Avant même d’amorcer son récit, Rue sans issue présente un constat amer sur les écarts de richesses entre les nantis et les pauvres, au sein de la Grosse Pomme. On songe, entre autres, au mal-logement et aux perspectives d’emploi. Tout comme pour l’œuvre originale, les conséquences du krach de 1929 sont encore vivaces. Pourtant, il ne s’agit pas de fustiger le système économique ou la politique gouvernementale. L’histoire vise davantage à sensibiliser le public sur la prolifération des taudis et des bidonvilles de New York, tandis que les immeubles luxueux pullulent et jouxtent l’indigence ambiante. Le contraste est flagrant et demeure présent tout au long du métrage.
« La présence et le charisme d’Humphrey Bogart suffisent à renforcer le discours du métrage. »
Ici, l’élévation sociale ne présente pas qu’un caractère symbolique. Le réalisateur la matérialise à travers une position haute (supérieure ?) des classes aisées, eu égard à leurs appartements privés, leur quotidien sur une terrasse perchée au-dessus des berges de l’Hudson ou les festivités qu’ils organisent. Quant à la base de la population, elle reste cantonnée dans une impasse, au sens propre, comme au figuré. En cela, le traitement est pessimiste, du moins dans l’exposition des faits. L’admiration ne se tourne pas vers les riches, où le dédain est réciproque. Elle s’oriente vers l’argent facile, les grands criminels qui ont « réussi » à se forger une réputation.
En cela, la présence et le charisme d’Humphrey Bogart suffisent à renforcer le discours du métrage. L’interprétation toute en retenue apporte une résonnance particulière à ses propos, à ses choix de vie, a fortiori quand on considère la relation avec d’anciennes connaissances. En parallèle, les séquences avec les Dead End Kids s’avèrent moins percutantes. Certes, ils occupent une place prépondérante dans l’intrigue, mais leurs modiques méfaits et leurs discussions restent en deçà de dialogues plus existentialistes des intervenants adultes. Ils se révèlent alors le reflet d’une enfance perdue qui, peut-être, sont condamnés à réitérer les mêmes erreurs que leurs aînés.
« On peut regretter que le tournage se cantonne à des décors de studios. »

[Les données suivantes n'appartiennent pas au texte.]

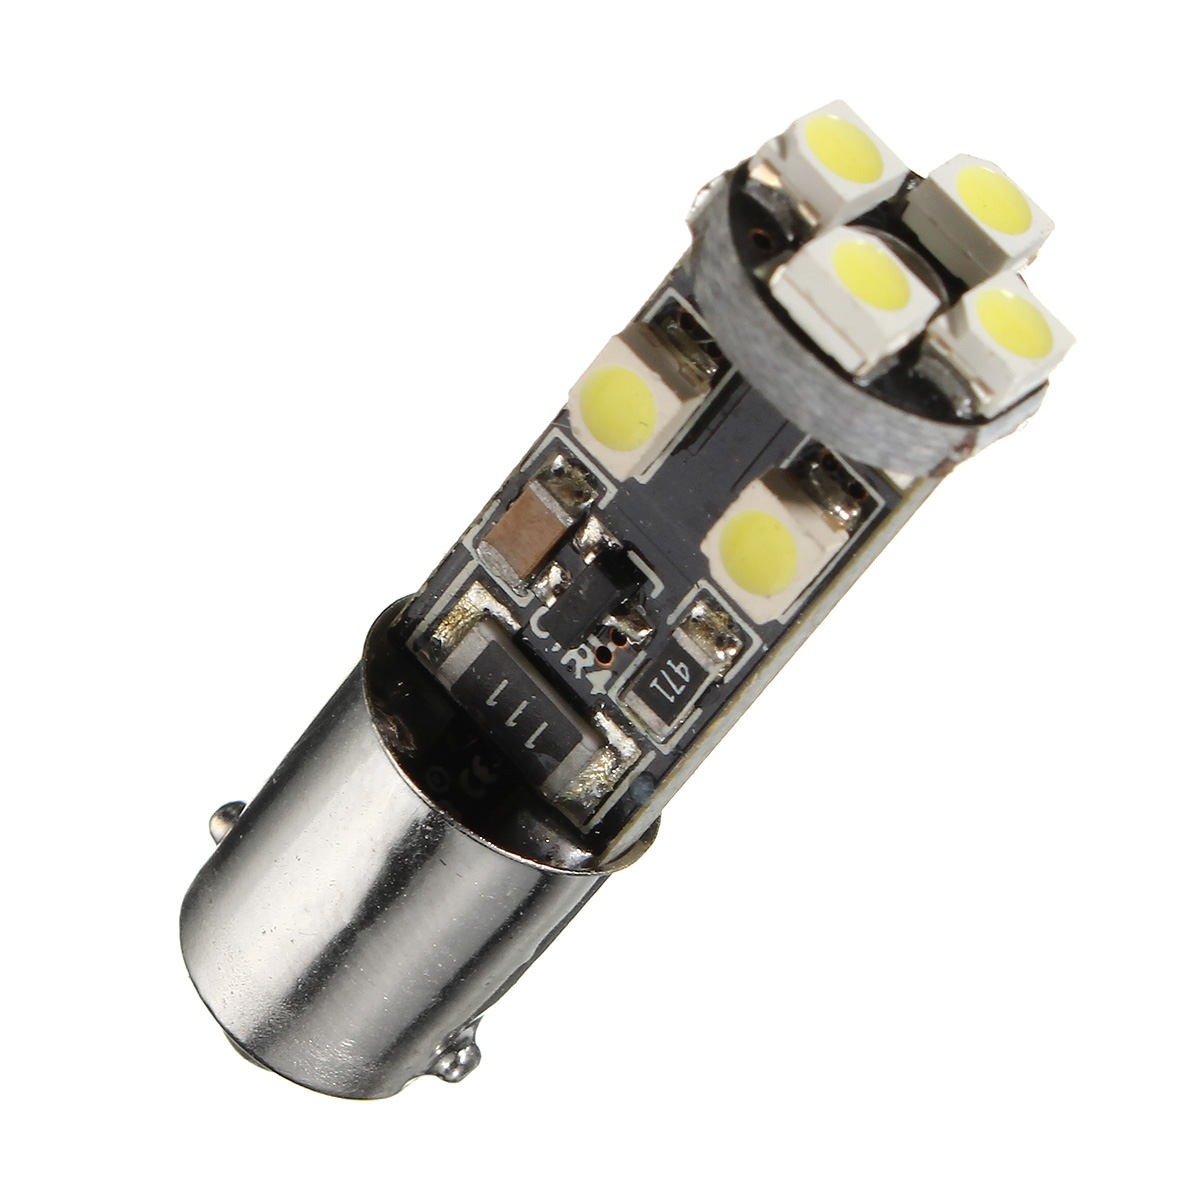 

8-SMD LED BA9S 180 градусов Авто Подсветка панели приборов в салоне Ошибка Ошибка указателя поворота 12 В 2.5 Вт 6000 К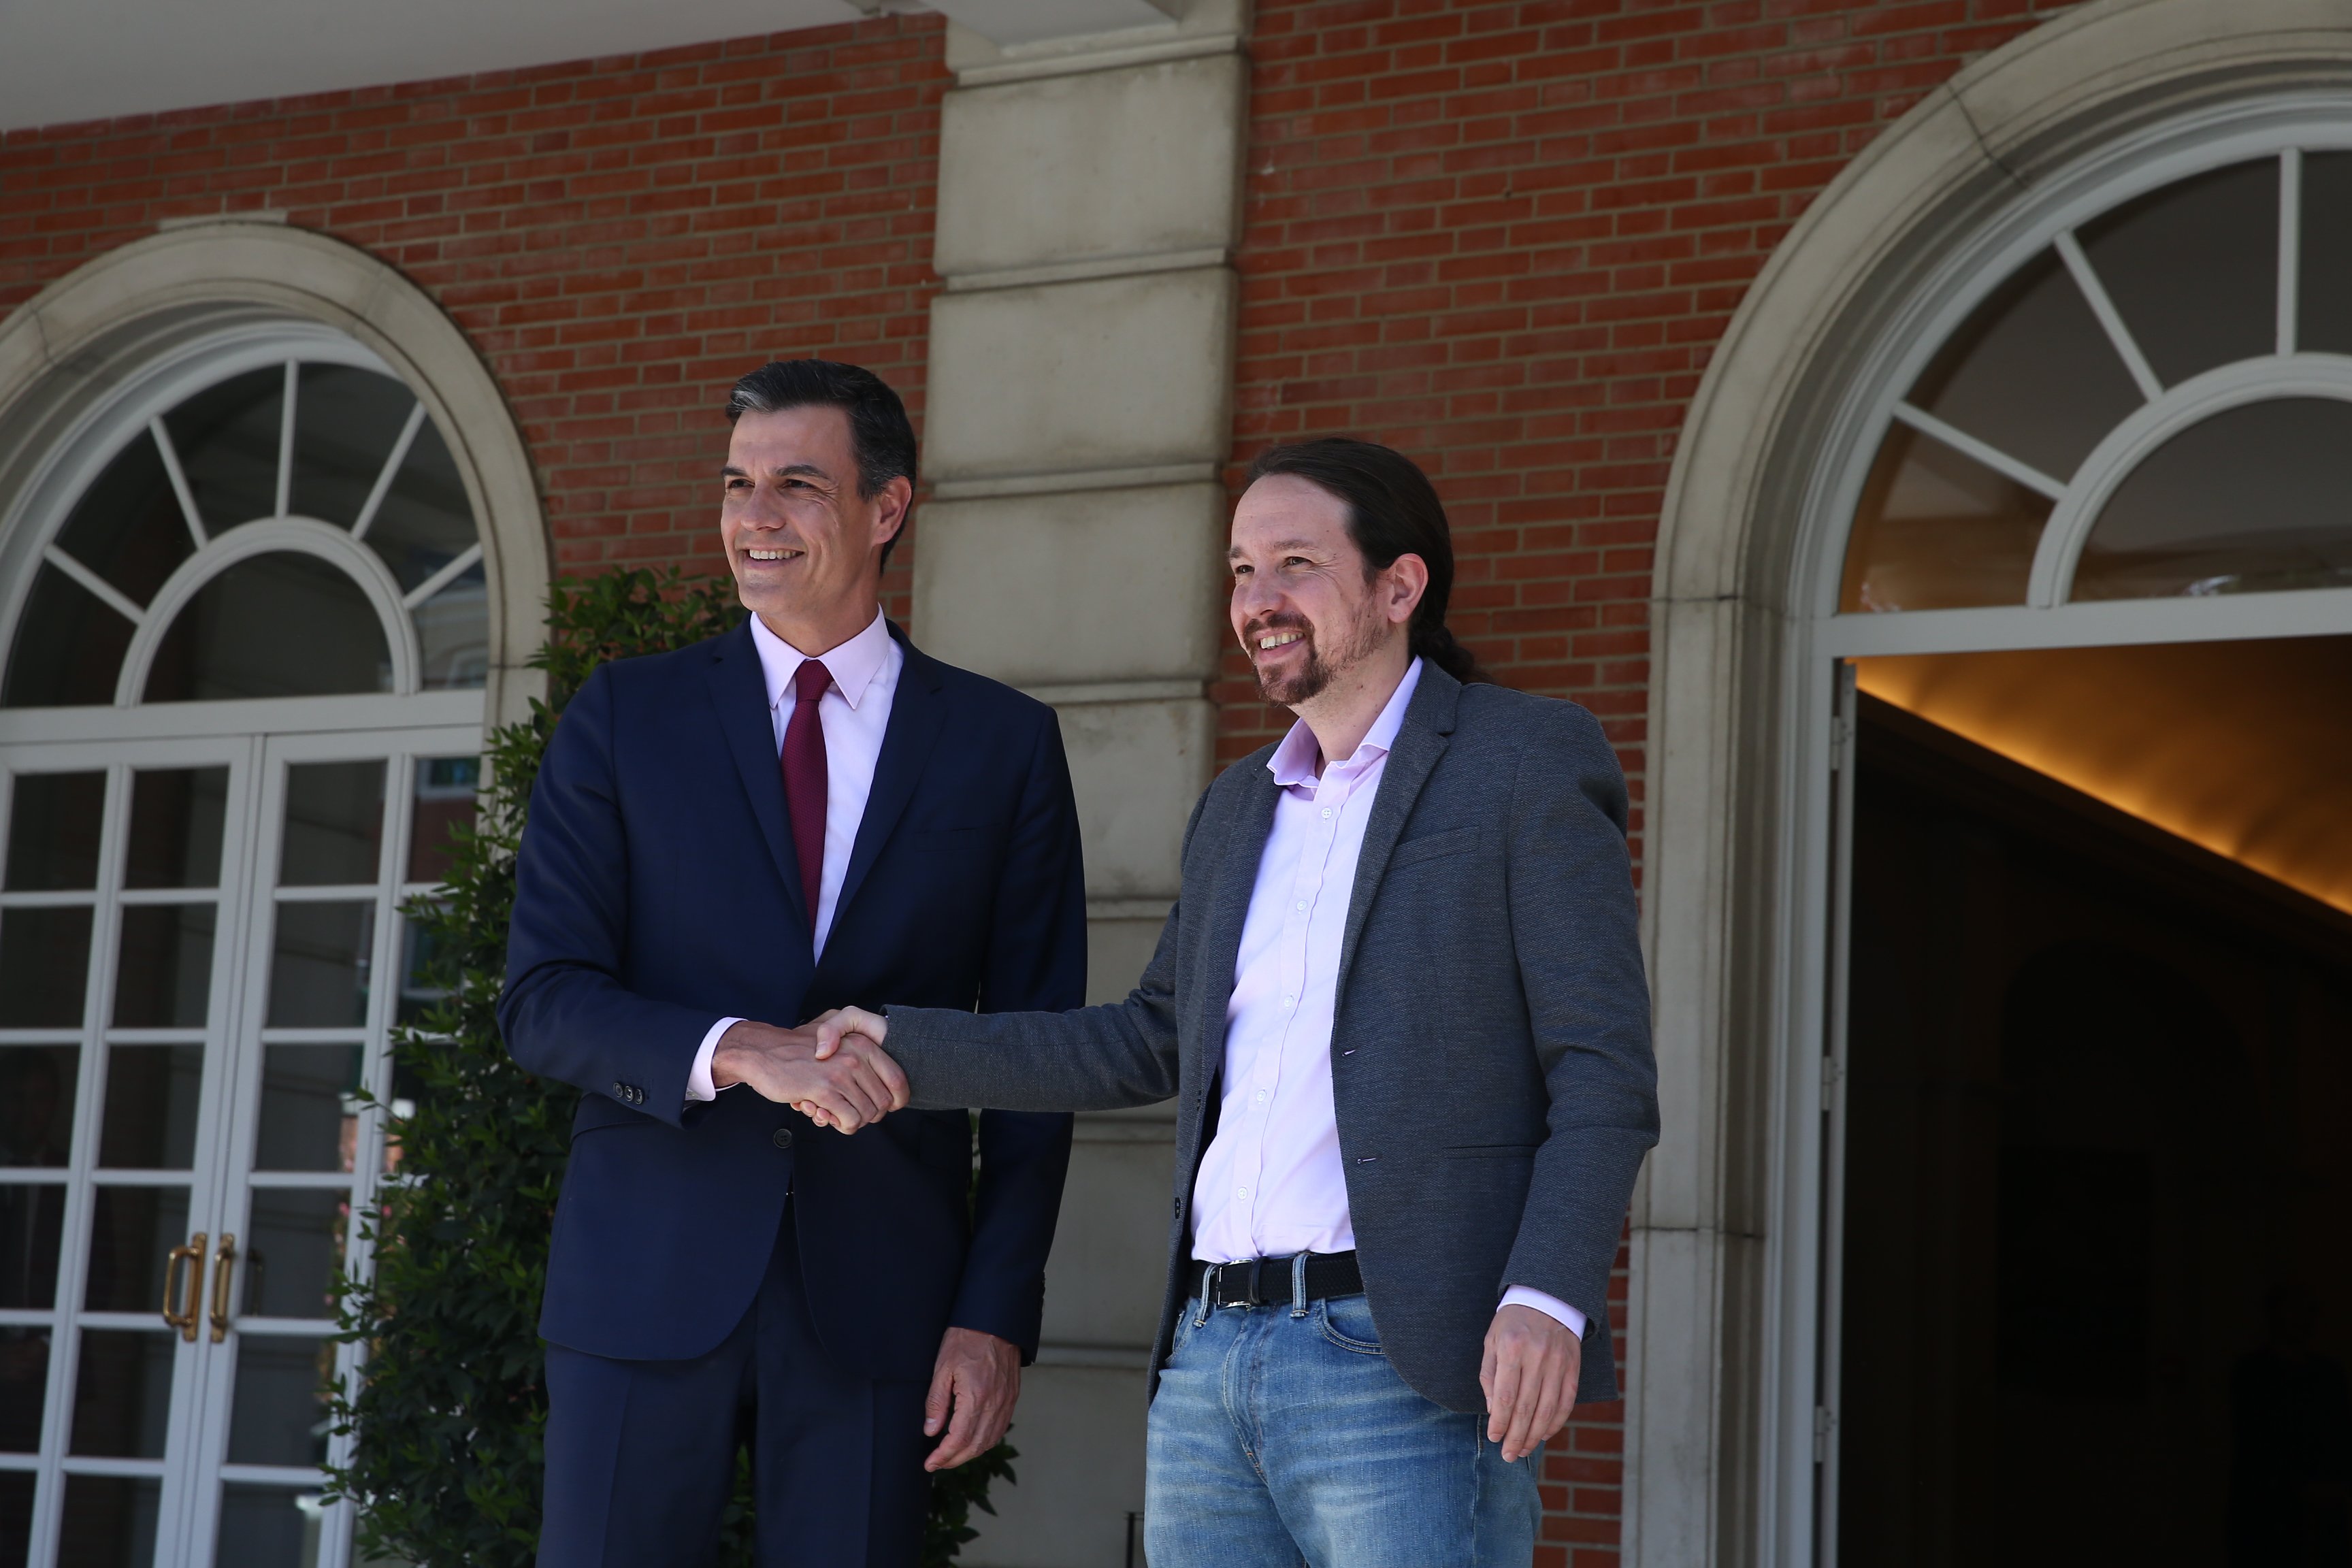 L'oferta de Sánchez a Iglesias: “responsabilitats" fora del Consell de Ministres

Toute la force de l’histoire tient à sa progression lancinante où les interactions prennent de plus en plus d’ampleur. Ces destins croisés se confrontent de manière morale et physique, rendant le ton plus nuancé qu’un manichéisme de circonstances. Face à une intrigue qui se focalise sur un lieu et une unité temporelle uniques, il en émane une tension évidente pour exacerber les divergences de vie et de points de vue. On peut néanmoins regretter que le tournage se cantonne à des décors de studios, là où le réalisateur lui-même aurait souhaité produire son film dans les rues de New York. Pour autant, cela ne rend pas la mise en scène artificielle. Elle renoue plutôt avec son héritage théâtral.
Au final, Rue sans issue s’avance comme une œuvre engagée pour dénoncer les écarts de richesses et les inégalités sociales au sein de la société occidentale. Cela sans oublier les conséquences de la gentrification sur les populations les plus modestes. À la lisière du film noir pour sa résonnance criminelle et fataliste, ce drame demeure pertinent dans ses propos, et ce, malgré sa brièveté. Afin d’apprécier pleinement le métrage de William Wyler, il convient de passer outre l’exposition laborieuse du quotidien des Dead End Kids. On y distingue alors une histoire aux multiples subtilités qui malmènent les a priori du spectateur et les perspectives restreintes, sinon biaisées, des personnages. Une production à la portée plus ample qu’aux premiers abords.